I am working on learning how to program, three months ago I was going to go back to school, a month prior to that I was going to finish getting my next level of Cisco certifications. So, what is it exactly that I want out of life? I don't know. Career wise, I suppose it doesn't matter all that much. Wherever I work and whatever I do, I am going to have someone who is stupid and arrogant talking down to me. I am not going to be happy doing any kind of menial tasks and no matter how much I make, I'll never be making enough.
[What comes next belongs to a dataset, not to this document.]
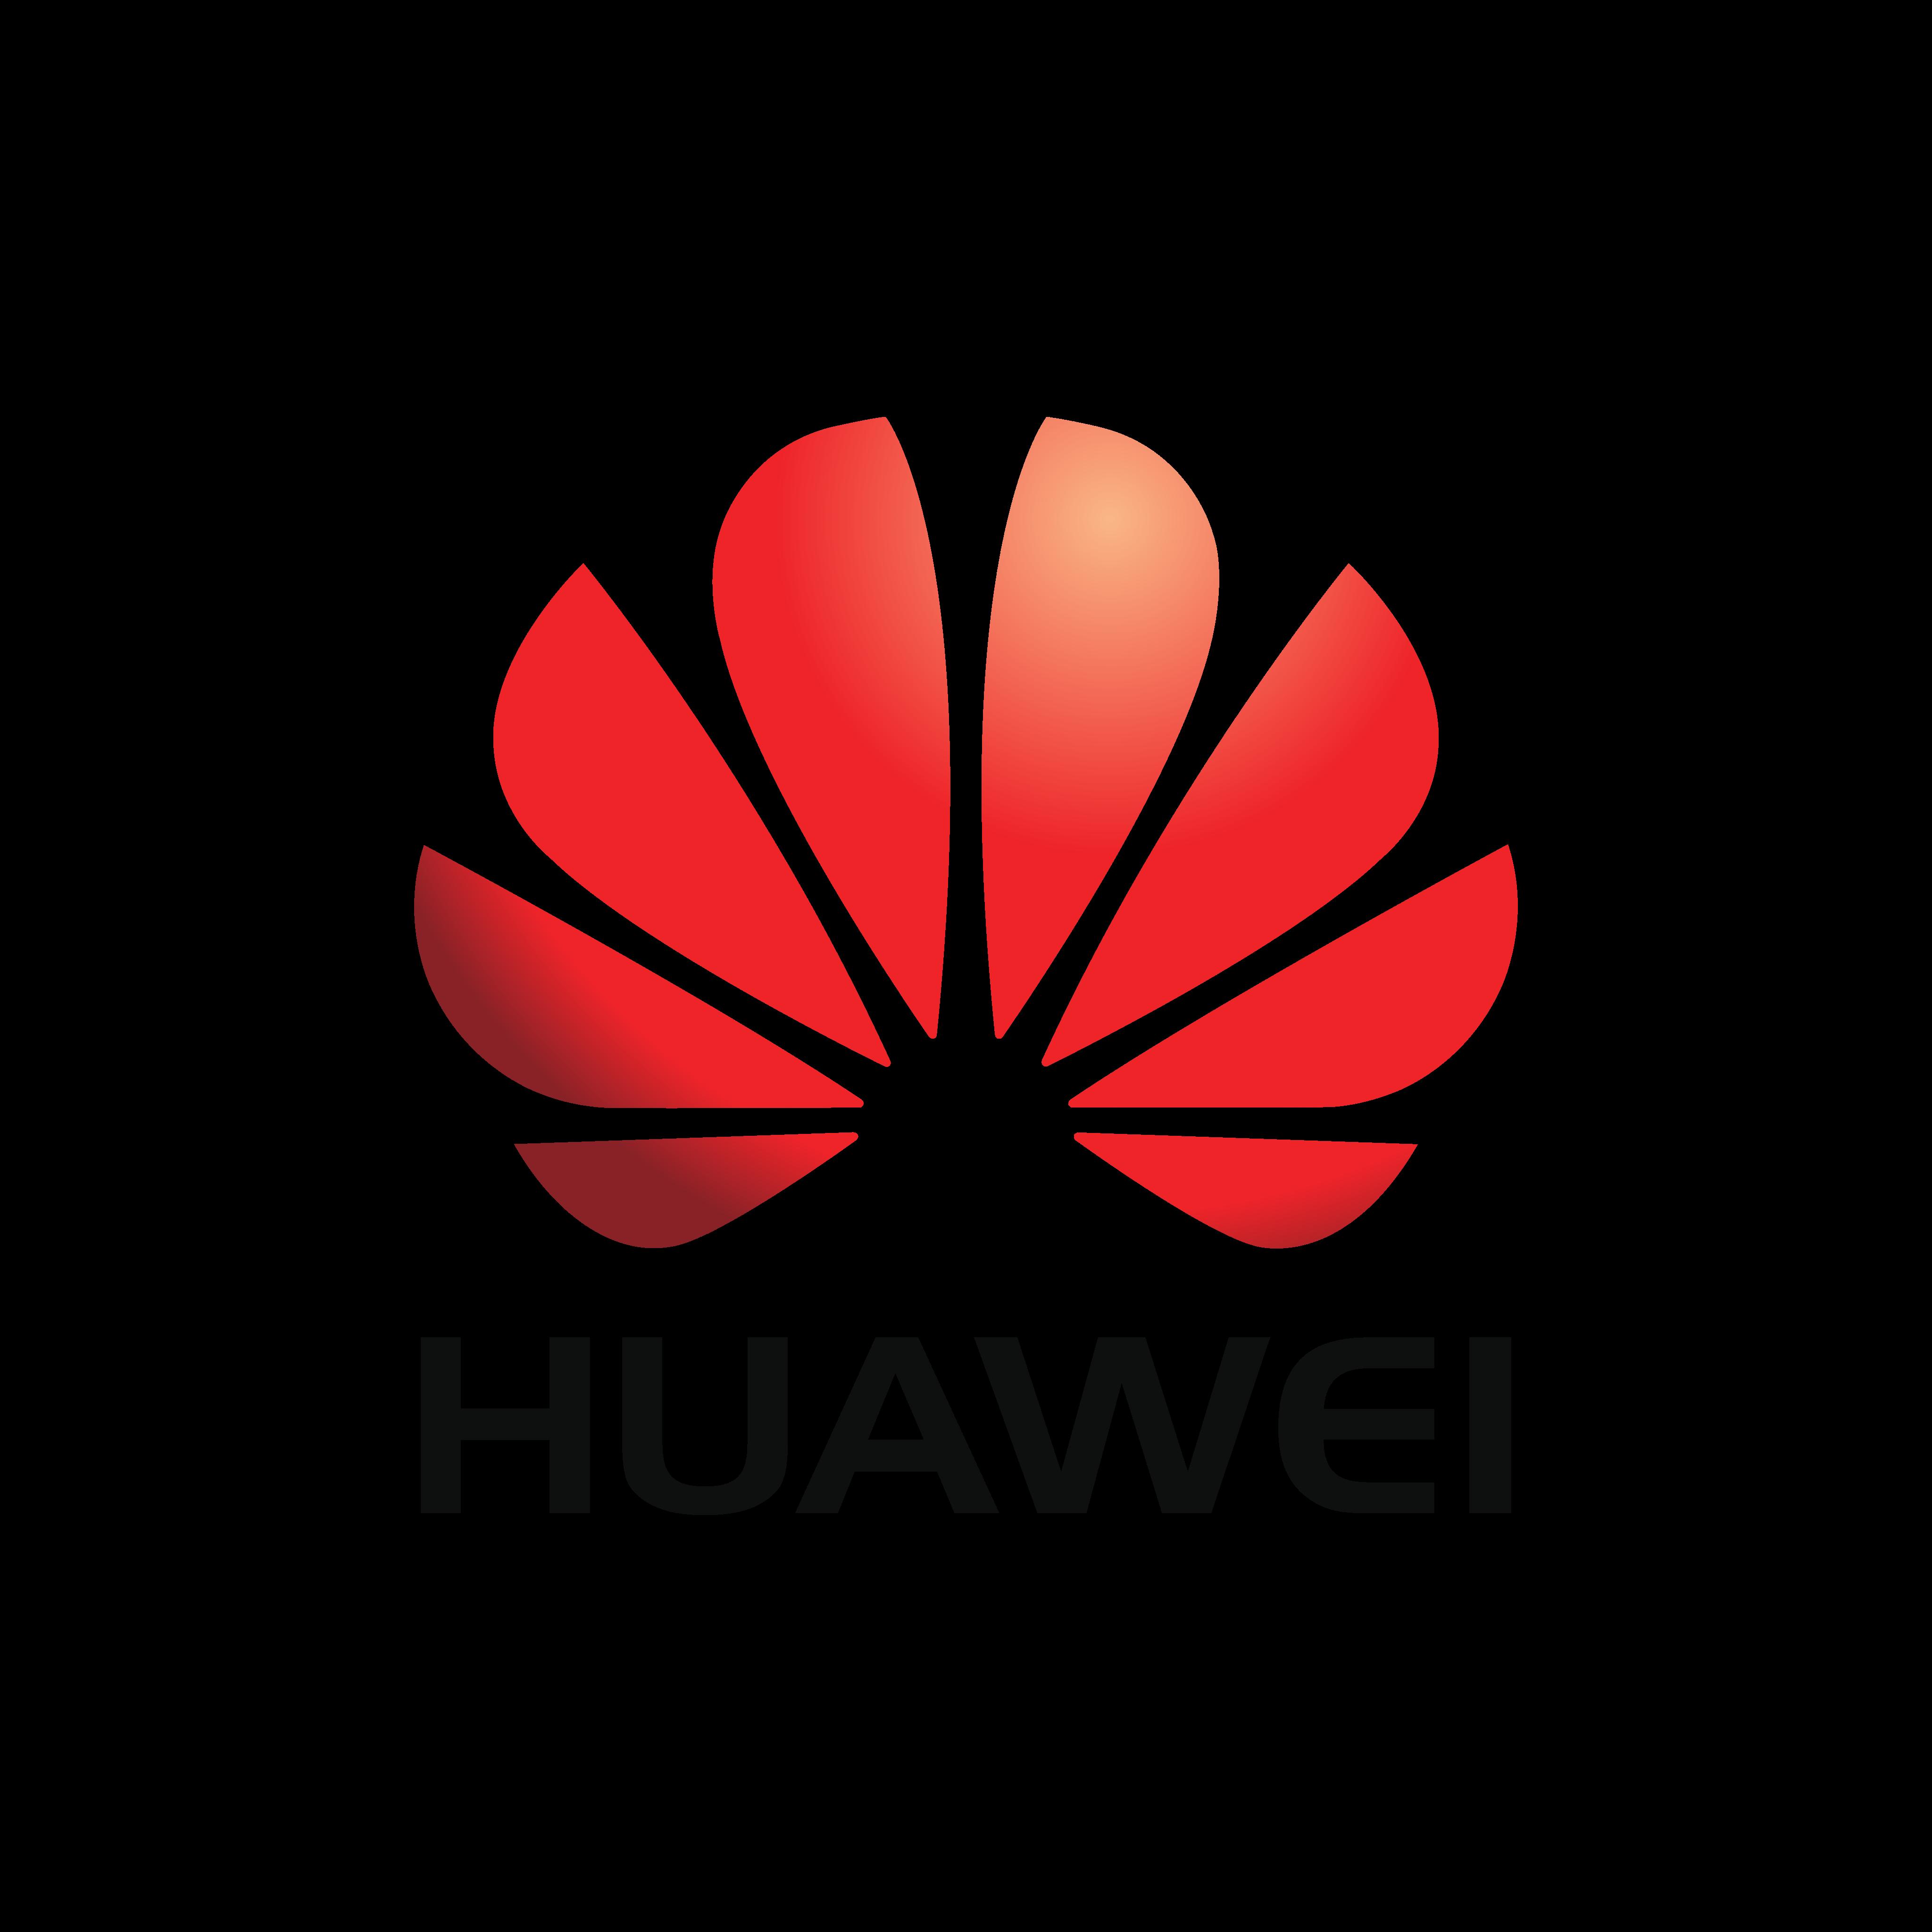 huawei logo 0 - Huawei Logo
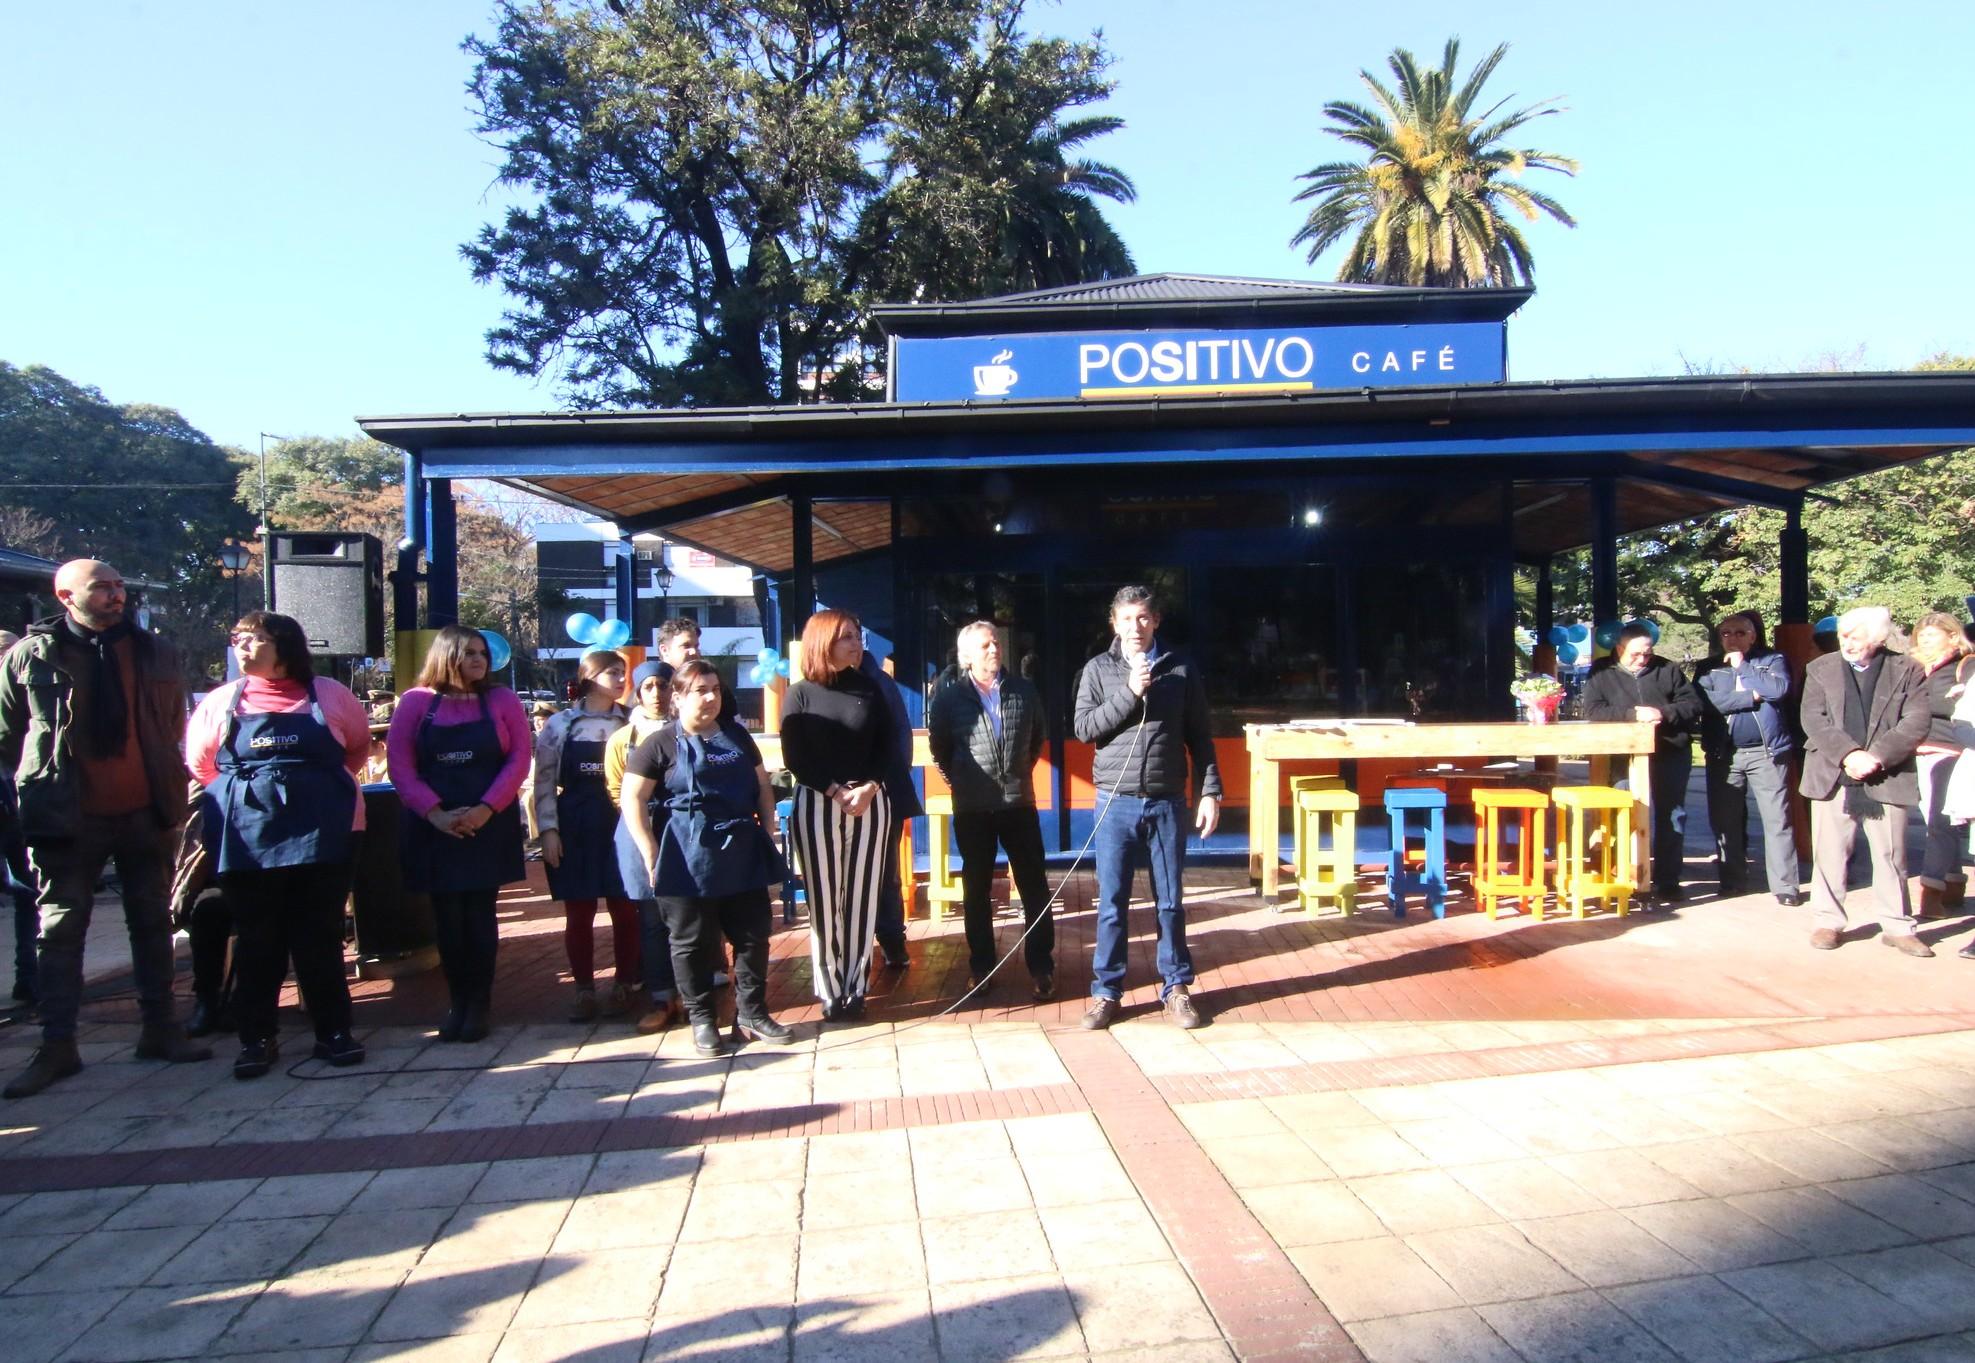 San Isidro abrió un bar inclusivo atendido por personas con discapacidad

I suppose it all comes back around to wanting to be my own boss. I tried to start my own business before I joined the military. I called it IT on Call. It was a lame attempt at a business model, but none-the-less I tried and sometimes I look back and I am quite proud that I went as far as I did with my two customers. Of course, looking back, it was doomed to failure. I knew absolutely nothing about the technology and I knew even less about business and what it took to operate one. Fast forward several years and here I am again. I am worried less about the stupid stuff like the name and the business card design, but more about the meat of the product, the business model and the services I will offer. I am learning how to program. I am in works with a local business owner who is growing in business. The deal is simply this. I will create for him a web presence that goes beyond static web pages offering his customers an interactive site that will attract prospective customers. My payment will simply be this, if I am able to produce a site that brings in business, I will capture the finders fee of 10% for every customer. Honestly, I find this the best possible deal. We are both in understanding that my primary goal is to learn the technology; but, if I am successful at producing something of value then I get paid. If not, I don't... but, I save face since I only failed to produce a free product and not something I charged to do.

Just think, in five years.. when I am halfway though a standard life expectancy, I might be qualified to change careers. I wonder how much it is worth it? F0r a career that is expected to be lower in demand 4% in the next 10 years and it the most susceptible to off shoring. Lets see what I want to do next month. =/ So fickle.